For a fearful moment the crush in the crew compartment seemed like chaos, but Rojas' team was well drilled. Every soldier on board had a job to do as the platoon roared to the nearest US base, fighting to save their sergeant's life.

"He's not breathing" -- "We need to move" -- "Get the ramp up, get the ramp up, get the ramp up" -- "Go, go, go" -- "I need you up on top" -- "I need a weapon" -- "Here, take my weapon. It's got one in the breach, OK?"

"OK. I need immediate f(expletive) dust off at Loyalty, copy?"

Despite the platoon's efforts, it was clear that the hidden sniper had found his mark. Rojas was dead on arrival four kilometres (2.5 miles) away at Camp Loyalty and no longer needed a "dust off," or emergency evacuation by helicopter.

The sergeant, a 27-year-old from the industrial town of Hammond, Indiana, left behind a wife and two pit bull terriers.

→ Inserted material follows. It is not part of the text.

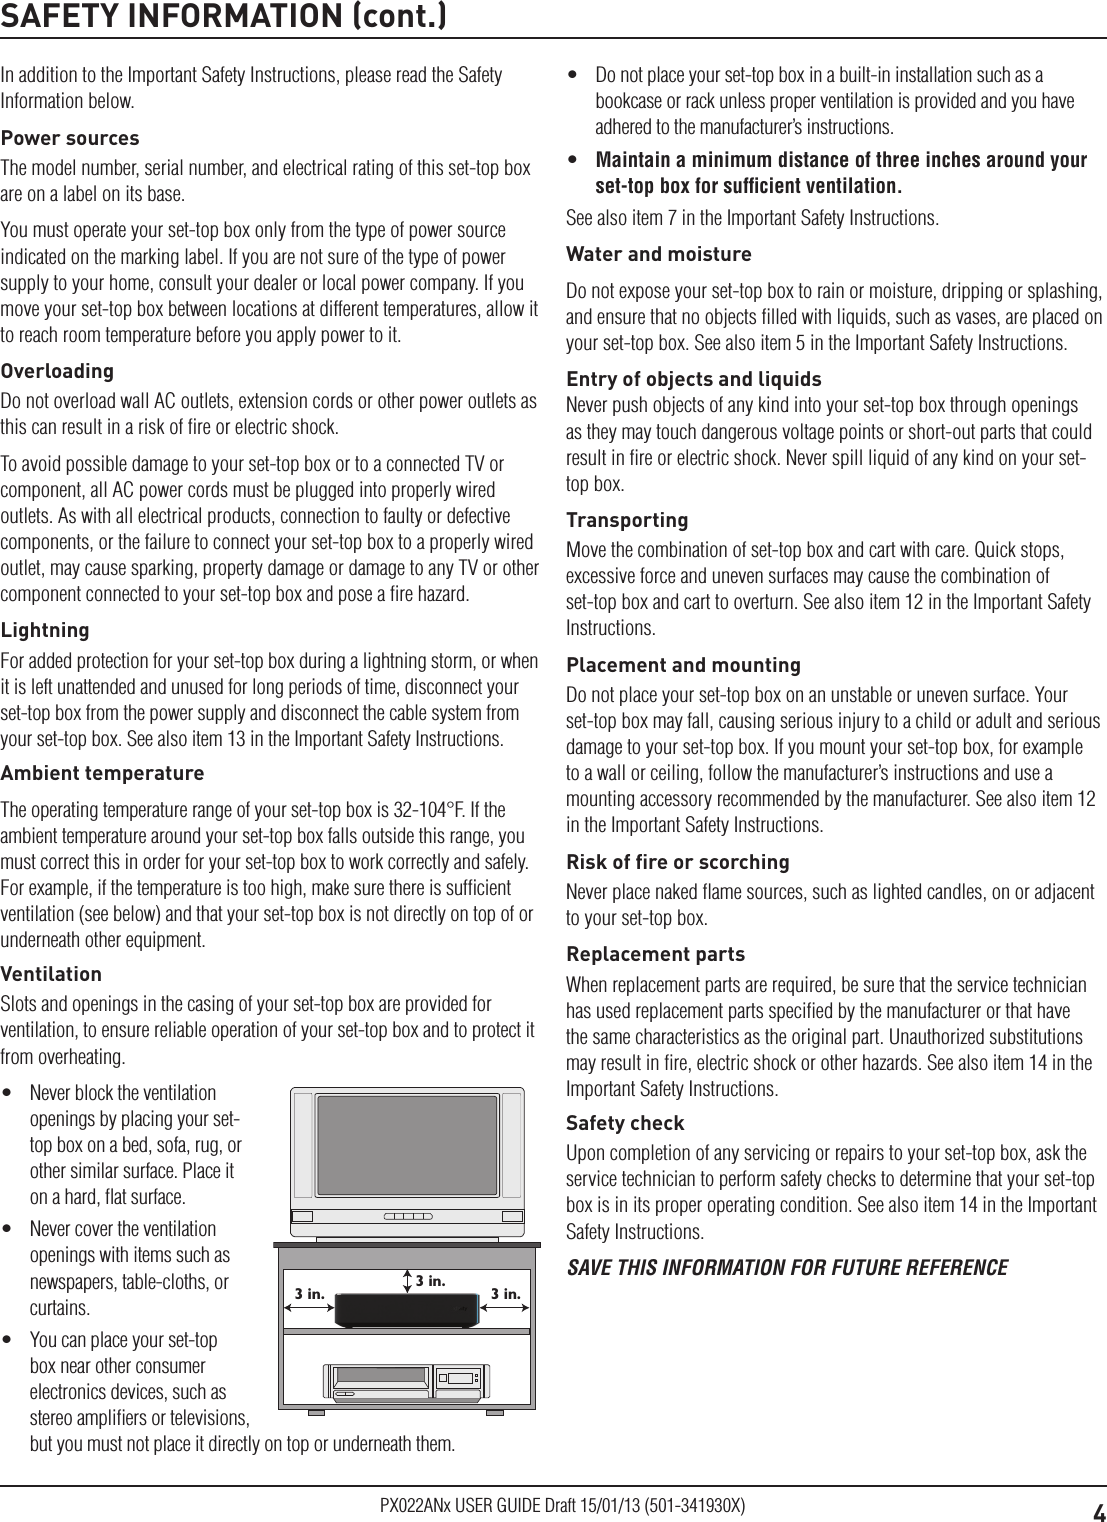 4PX022ANx USER GUIDE Draft 15/01/13 (501-341930X)SAFETY INFORMATION (cont.)In addition to the Important Safety Instructions, please read the Safety Information below.Power sourcesThe model number, serial number, and electrical rating of this set-top box are on a label on its base.You must operate your set-top box only from the type of power source indicated on the marking label. If you are not sure of the type of power supply to your home, consult your dealer or local power company. If you move your set-top box between locations at different temperatures, allow it to reach room temperature before you apply power to it.OverloadingDo not overload wall AC outlets, extension cords or other power outlets as this can result in a risk of ﬁre or electric shock.To avoid possible damage to your set-top box or to a connected TV or component, all AC power cords must be plugged into properly wired outlets. As with all electrical products, connection to faulty or defective components, or the failure to connect your set-top box to a properly wired outlet, may cause sparking, property damage or damage to any TV or other component connected to your set-top box and pose a ﬁre hazard.LightningFor added protection for your set-top box during a lightning storm, or when it is left unattended and unused for long periods of time, disconnect your set-top box from the power supply and disconnect the cable system from your set-top box. See also item 13 in the Important Safety Instructions.Ambient temperatureThe operating temperature range of your set-top box is 32-104°F. If the ambient temperature around your set-top box falls outside this range, you must correct this in order for your set-top box to work correctly and safely. For example, if the temperature is too high, make sure there is sufﬁcient ventilation (see below) and that your set-top box is not directly on top of or underneath other equipment.VentilationSlots and openings in the casing of your set-top box are provided for ventilation, to ensure reliable operation of your set-top box and to protect it from overheating.•  Never block the ventilation openings by placing your set-top box on a bed, sofa, rug, or other similar surface. Place it on a hard, ﬂat surface.•  Never cover the ventilation openings with items such as newspapers, table-cloths, or curtains.•  You can place your set-top box near other consumer electronics devices, such as stereo ampliﬁers or televisions, but you must not place it directly on top or underneath them.3 in.3 in.3 in.•  Do not place your set-top box in a built-in installation such as a bookcase or rack unless proper ventilation is provided and you have adhered to the manufacturer’s instructions.•  Maintain a minimum distance of three inches around your set-top box for sufﬁcient ventilation.See also item 7 in the Important Safety Instructions.Water and moistureDo not expose your set-top box to rain or moisture, dripping or splashing, and ensure that no objects ﬁlled with liquids, such as vases, are placed on your set-top box. See also item 5 in the Important Safety Instructions.Entry of objects and liquidsNever push objects of any kind into your set-top box through openings as they may touch dangerous voltage points or short-out parts that could result in ﬁre or electric shock. Never spill liquid of any kind on your set-top box.TransportingMove the combination of set-top box and cart with care. Quick stops, excessive force and uneven surfaces may cause the combination of set-top box and cart to overturn. See also item 12 in the Important Safety Instructions.Placement and mountingDo not place your set-top box on an unstable or uneven surface. Your set-top box may fall, causing serious injury to a child or adult and serious damage to your set-top box. If you mount your set-top box, for example to a wall or ceiling, follow the manufacturer’s instructions and use a mounting accessory recommended by the manufacturer. See also item 12 in the Important Safety Instructions.Risk of ﬁre or scorchingNever place naked ﬂame sources, such as lighted candles, on or adjacent to your set-top box.Replacement partsWhen replacement parts are required, be sure that the service technician has used replacement parts speciﬁed by the manufacturer or that have the same characteristics as the original part. Unauthorized substitutions may result in ﬁre, electric shock or other hazards. See also item 14 in the Important Safety Instructions.Safety checkUpon completion of any servicing or repairs to your set-top box, ask the service technician to perform safety checks to determine that your set-top box is in its proper operating condition. See also item 14 in the Important Safety Instructions.SAVE THIS INFORMATION FOR FUTURE REFERENCE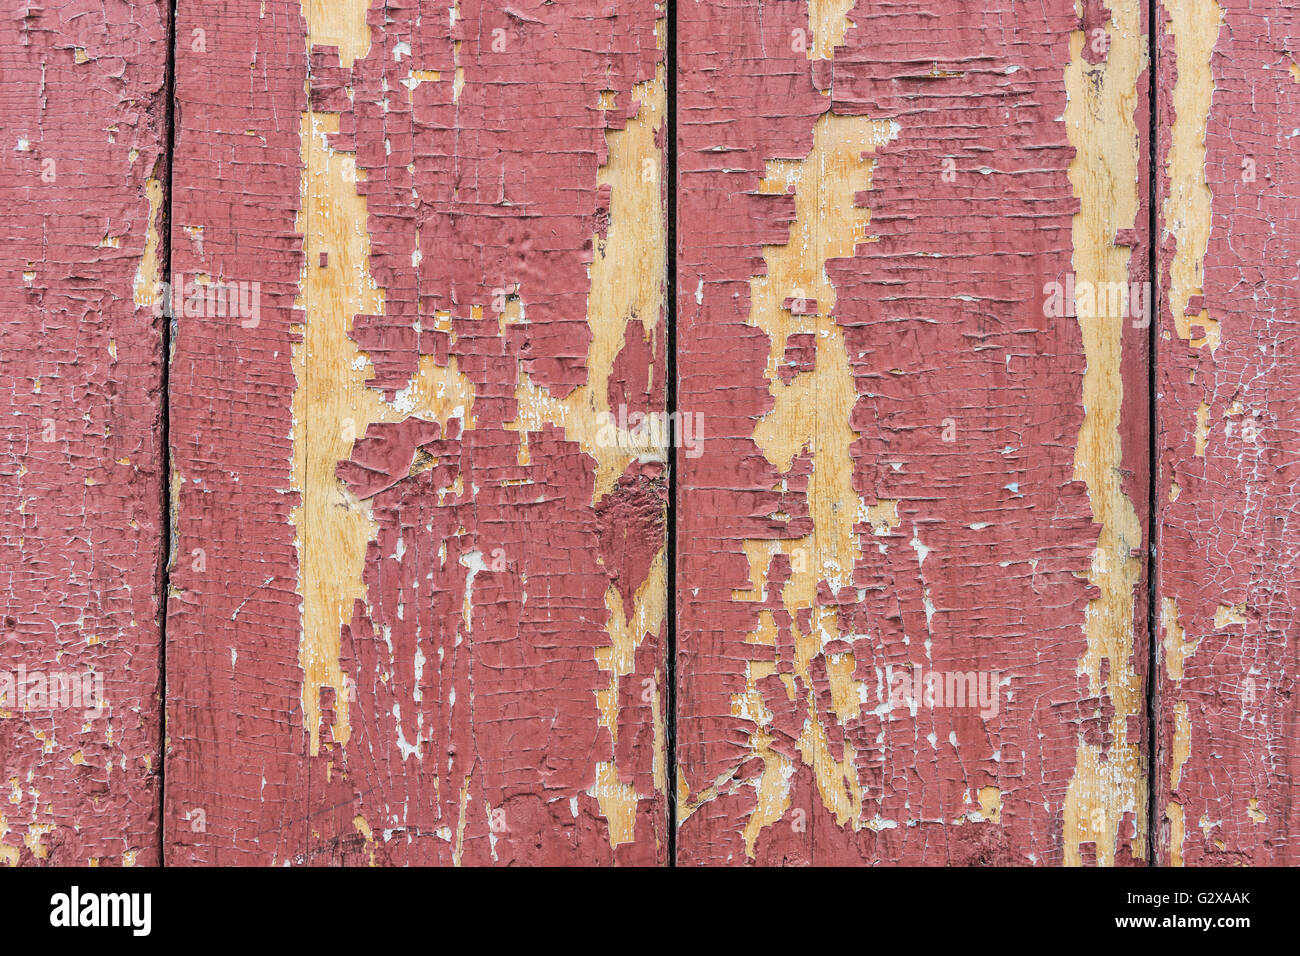 Details of an old red wooden wall Stock Photo

Rojas' platoon from the 172nd Stryker Brigade Combat Team washed the blood from the floor of their troop transport then gathered to salute his body as it was carried onto a Blackhawk chopper under a blue plastic shroud.

Afterwards, they headed back to the streets to continue their mission.

Then came this one:

Gunmen opened fire on a convoy of Iraqi Sunni pilgrims bound for the holy city of Mecca on Sunday, killing at least one person, while U.S. forces said they killed 17 insurgents preparing to ambush American troops.

The pilgrims were about 15 miles from the city of Baqouba when gunmen showered their convoy with machine gunfire, said a spokesman for Diyala province's Public Relations and Information Bureau, who asked not to be named, citing security procedures. Such killing are usually part of Iraq's growing sectarian violence between Shiite and Sunni Muslims.

What gives any one, particularly a failure in everything he's ever done, the right to shed lives of our soldiers, or of anyone else?

Cut and run being the accusation, let me just say - when the Congress stands up and says that this war is unjust, uncalled for, and unproductive, it should be over - it is an undeclared war, which is unconstitutional, and it is time to declare victory and leave.

Diane quoted the following from a Malaysian editorial yesterday:

It remains to be seen, however, whether the American public will send a sufficiently strong message to their elected representatives, so that they understand it is no longer the time to talk tough, but rather to bring the boys home.

No one should have to die for a political agenda, and no one should have to die for a slogan. We have enough of death, and we need to regain our sense of real values. These kids should be able to afford to go to college and have health care, not die in foreign lands for the political prostitution at the White House.